- Directed by: Andrei Konchalovsky
- Written by: Yevgeny Grigoriev
- Produced by: Alexandra Demidova
- Starring: Yevgeny Kindinov Iya Savvina Yelena Koreneva Irina Kupchenko Innokenty Smoktunovsky
- Cinematography: Levan Paatashvili
- Edited by: Valentina Kulagina
- Music by: Alexander Gradsky
- Production company: Mosfilm
- Release date: 1974;
- Running time: 135 min.
- Country: Soviet Union
- Language: Russian

= A Lovers' Romance =

A Lovers' Romance or Romance for Lovers (Романс о влюблённых) is a 1974 Soviet musical romantic drama directed by Andrei Konchalovsky.

==Plot==
Sergei and Tanya are in love with each other. Sergei is drafted into the marine corps and Tania waits for his return. Sergei's division is abandoned in favor of helping local residents in distress. During the operation, his armored personnel gets carried into the sea. His relatives receive a notice of his death. Tanya's loving childhood friend, a hockey player, helps her to cope with misfortune and she marries him.

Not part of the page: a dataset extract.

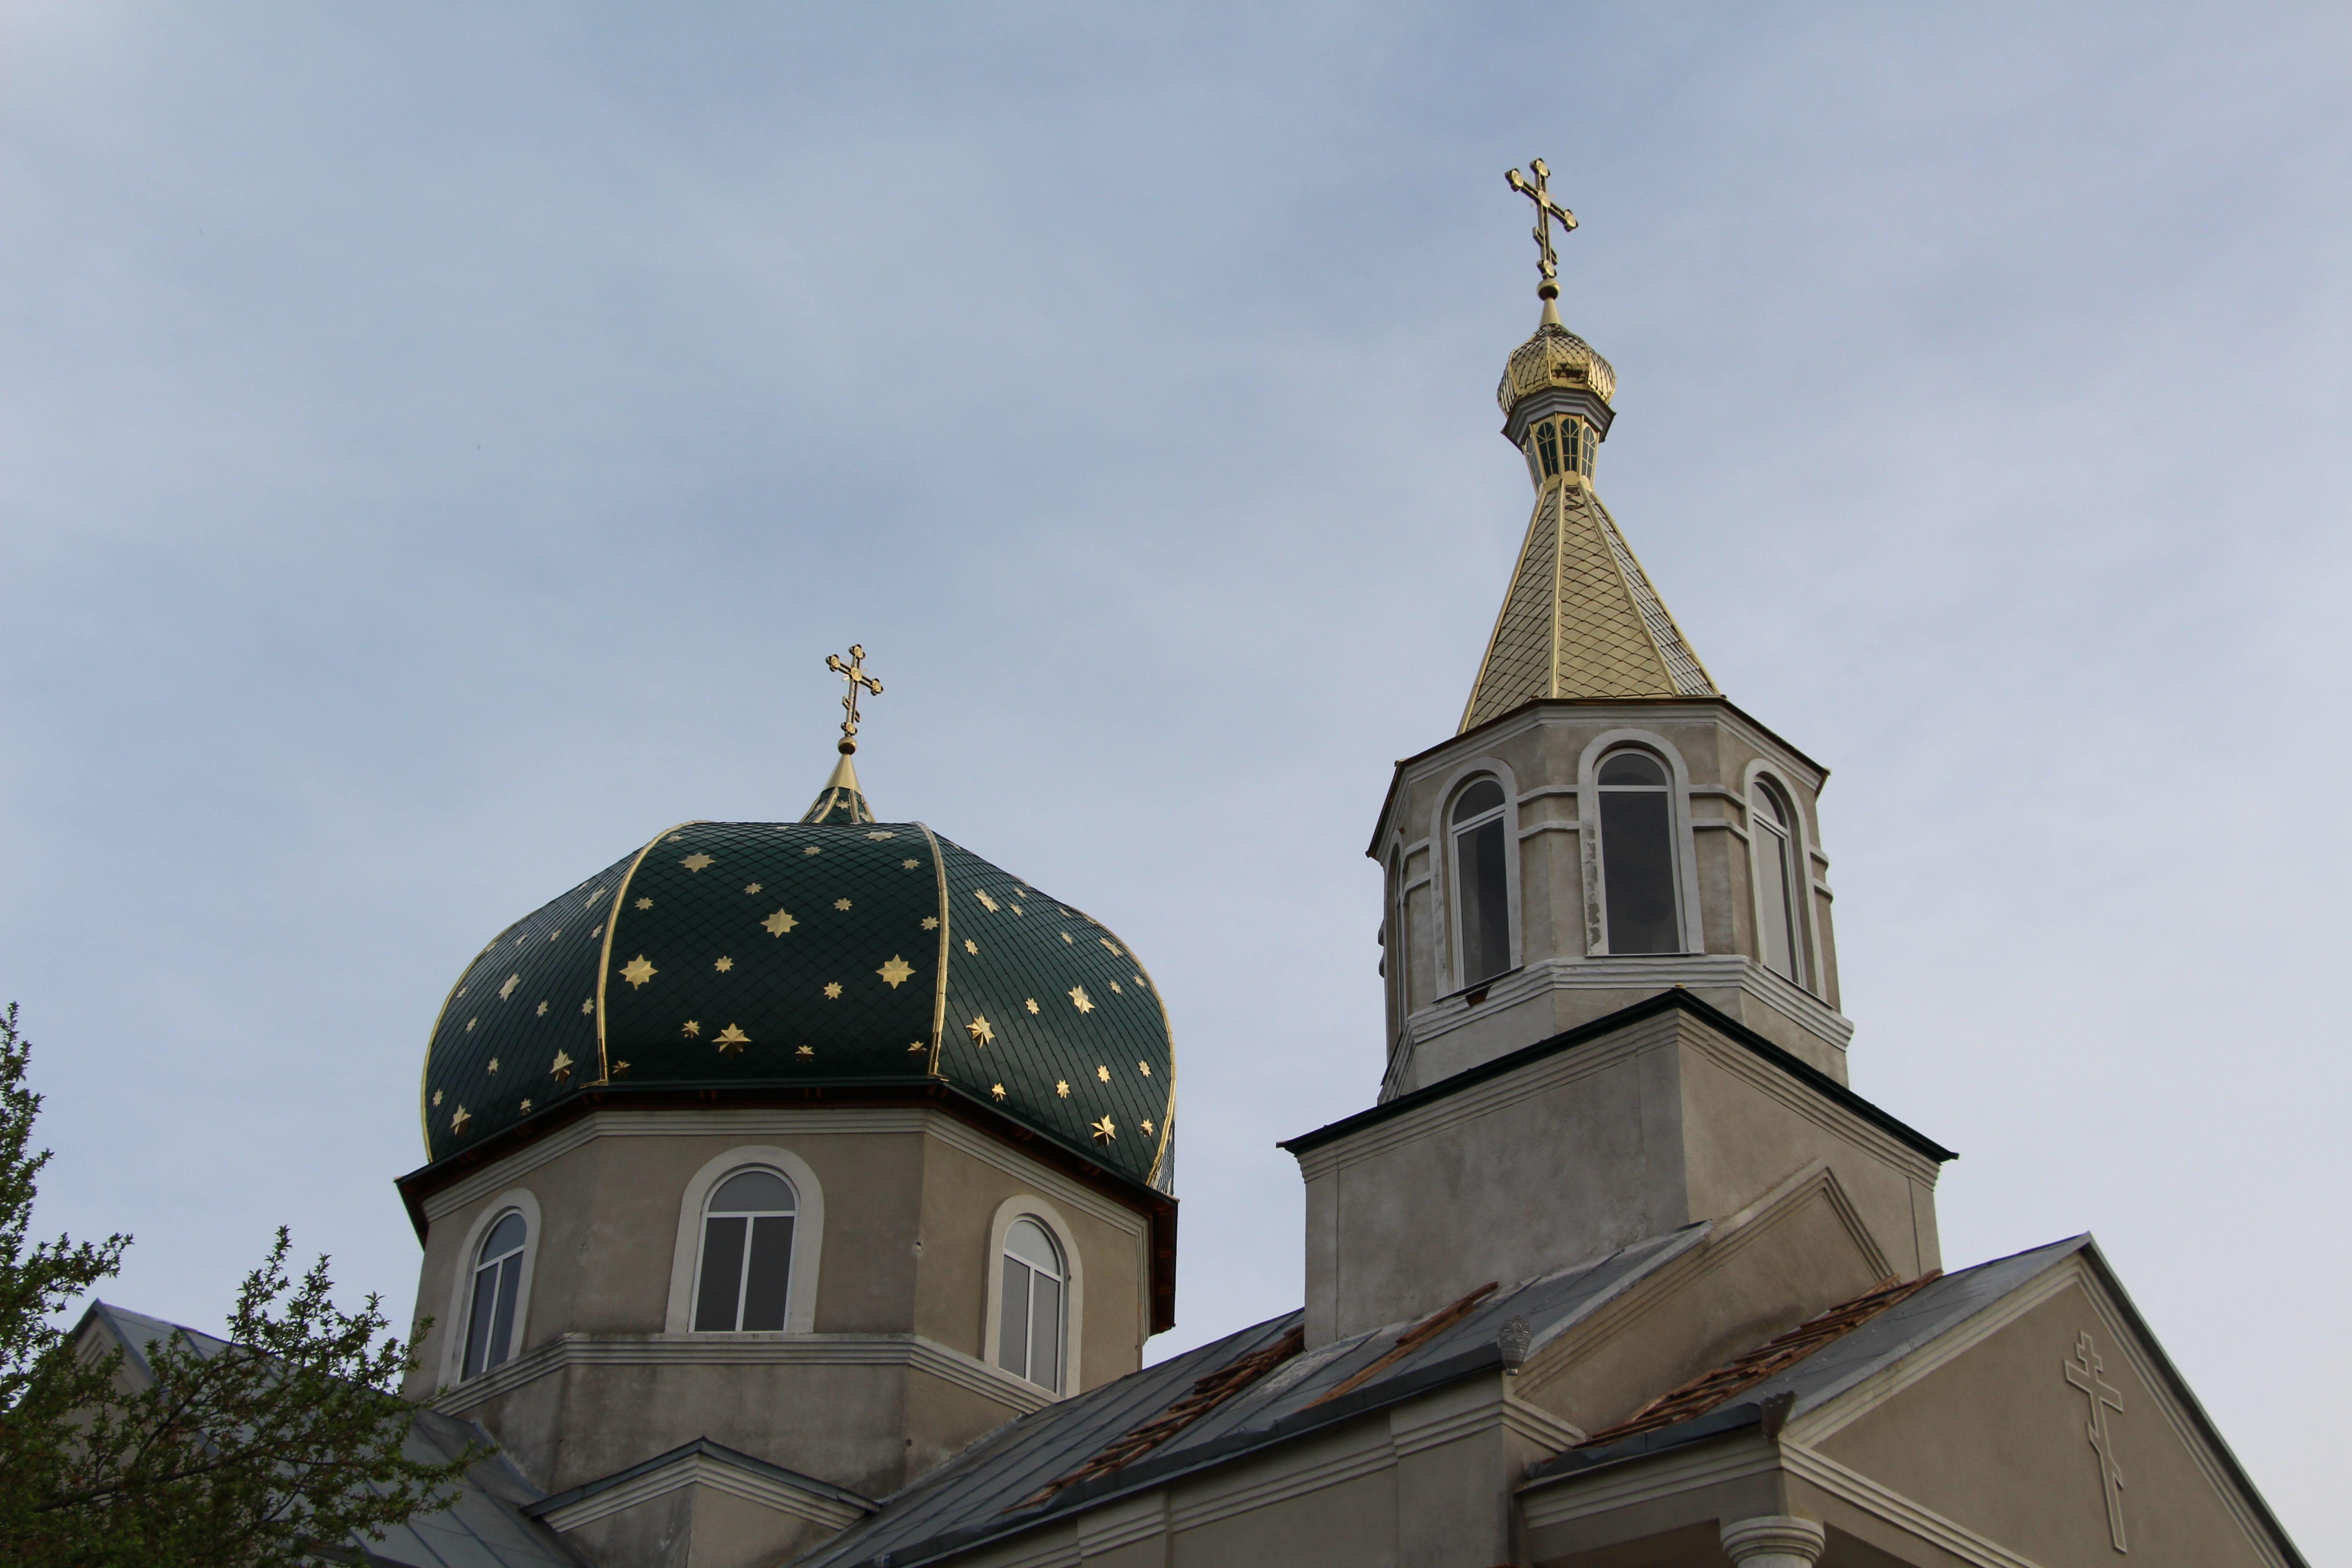 (ФОТО) В Етулии закончили сборку купола колокольни храма

But it turned out that Sergei did not perish. He, together with a wounded friend he saved, are found on a deserted island after a long winter. Back home, Sergei learns that Tanya has married another. Unable to accept the loss of his beloved, Sergei dies; but this death is a symbolic and emotional one, not physical. Sergei continues to live a normal life without shock and strong distress, meets another girl, marries her, has a child. In the finale there is a spiritual rebirth of the hero.

==Cast==
- Yevgeny Kindinov as Sergei Nikitin (vocals by Alexander Gradsky)
- Yelena Koreneva as Tanya (vocals by Zoya Kharabadze)
- Irina Kupchenko as Lyuda (vocals by Valentina Tolkunova)
- Innokenty Smoktunovsky as Trumpeter (vocals by Vladimir Siskin)
- Elizaveta Solodova as Sergei's mother
- Iya Savvina as Tanya's mother
- Vladimir Konkin as Sergei's younger brother
- Aleksandr Zbruyev as Igor Volgin
- Roman Gromadsky as Ensign Ivan Solovyov
- Nikolai Grinko as Vice-Admiral
- Ivan Ryzhov as Vasiliy
- Alexander Samoilov as Sergei's middle brother
- Ekaterina Mazurova as Tanya's grandmother

==Awards==
In 1974 the film received the Crystal Globe at the Karlovy Vary International Film Festival.